The repo includes a `bench` package. To run it yourself:

```bash
git clone https://github.com/gauthierpiarrette/perceive.git
cd perceive
pip install -e ".[bench,dev]"
playwright install chromium

perceive-bench list pages
perceive-bench list adapters

# Run the head-to-head against Playwright MCP yourself.
# Requires Node.js + npx; the first invocation downloads @playwright/mcp.
perceive-bench run --adapter playwright_mcp --suite reachability
perceive-bench run --adapter playwright_mcp --suite tokens

# Same against perceive.
perceive-bench run --adapter perceive --suite reachability
perceive-bench run --adapter perceive --suite tokens
perceive-bench run --adapter perceive --suite determinism --runs 5
```

All results are written to `results/` as JSON.

## Roadmap

Ordered by priority; version assignments are deliberately unpinned because the v0.1 → v0.3 sequence already taught us that pinning features to specific versions is a promise the codebase will break.
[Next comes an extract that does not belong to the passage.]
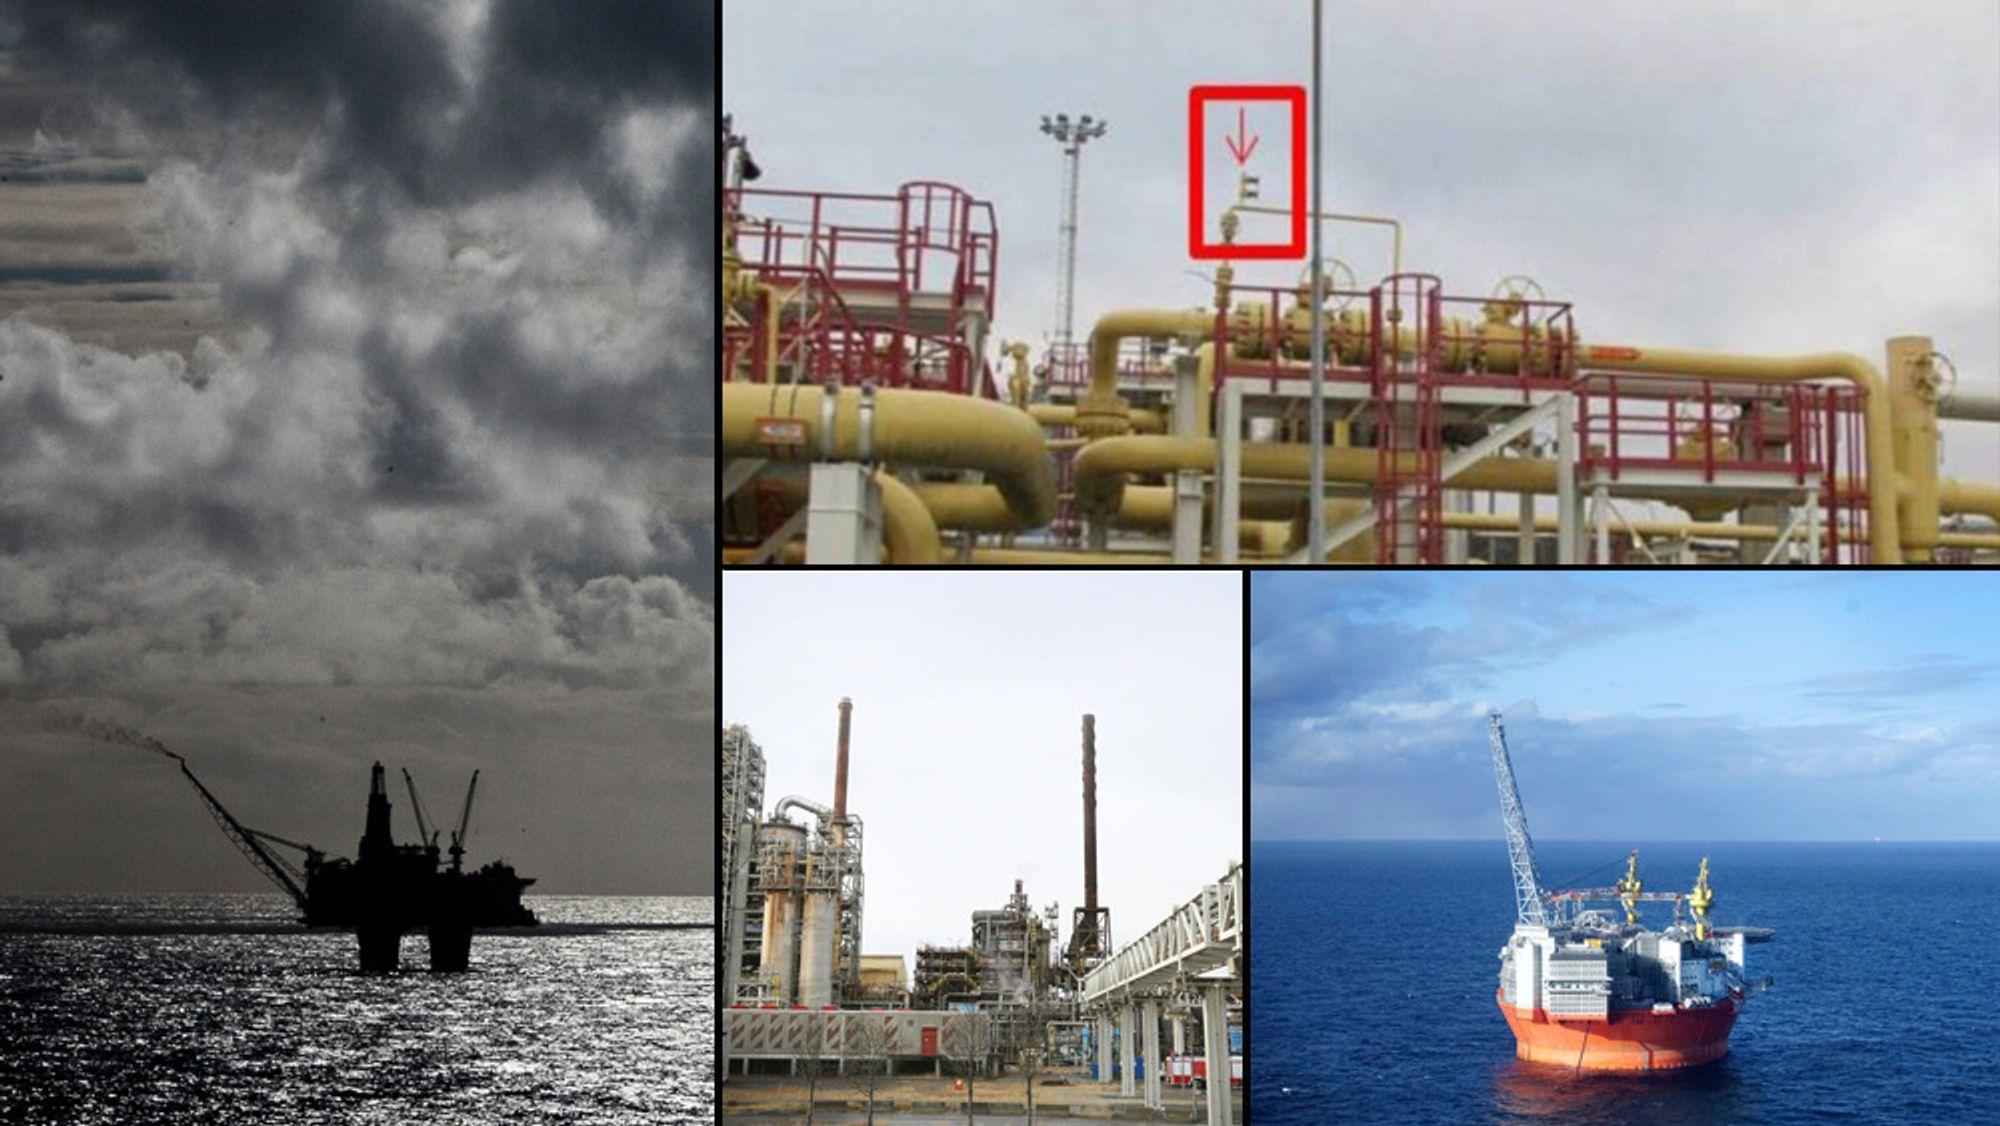 Petroleumstilsynet gransket et rekordhøyt antall alvorlige hendelser i fjor, inkludert ett dødsfall. Til tross for at de i april ga et varsku til oljebransjen om at sikkerhetsnivået var på vei ned, har ulykkene bare fortsatt. Nå er de tilført ekstra midler og ansetter flere til å følge opp HMS i oljebransjen.

- **Next.** Bench adapters for Chrome DevTools MCP and Vercel agent-browser; expanded conformance corpus (virtualized lists with off-DOM rows, portals, nested modals, cookie banners, animated layout shift).
- **Then.** `include_text=True` body capture; scored-similarity ref matching so elements whose accessible name changes mid-session keep their refs; an MCP server adapter so non-Python agents can consume `perceive` directly.
- **Later.** Experimental desktop perception: macOS (AXUIElement), Windows (UIA), Linux (AT-SPI), all behind the same `State` / `Element` shape. Read-only first; desktop `act()` ships separately.
- **Beyond.** Vision fallback as a plugin API (`target.set_vision_backend(...)`), with a first small-VLM backend for canvas-heavy and non-accessible regions.

## License

Apache-2.0. See `LICENSE` and `NOTICE`.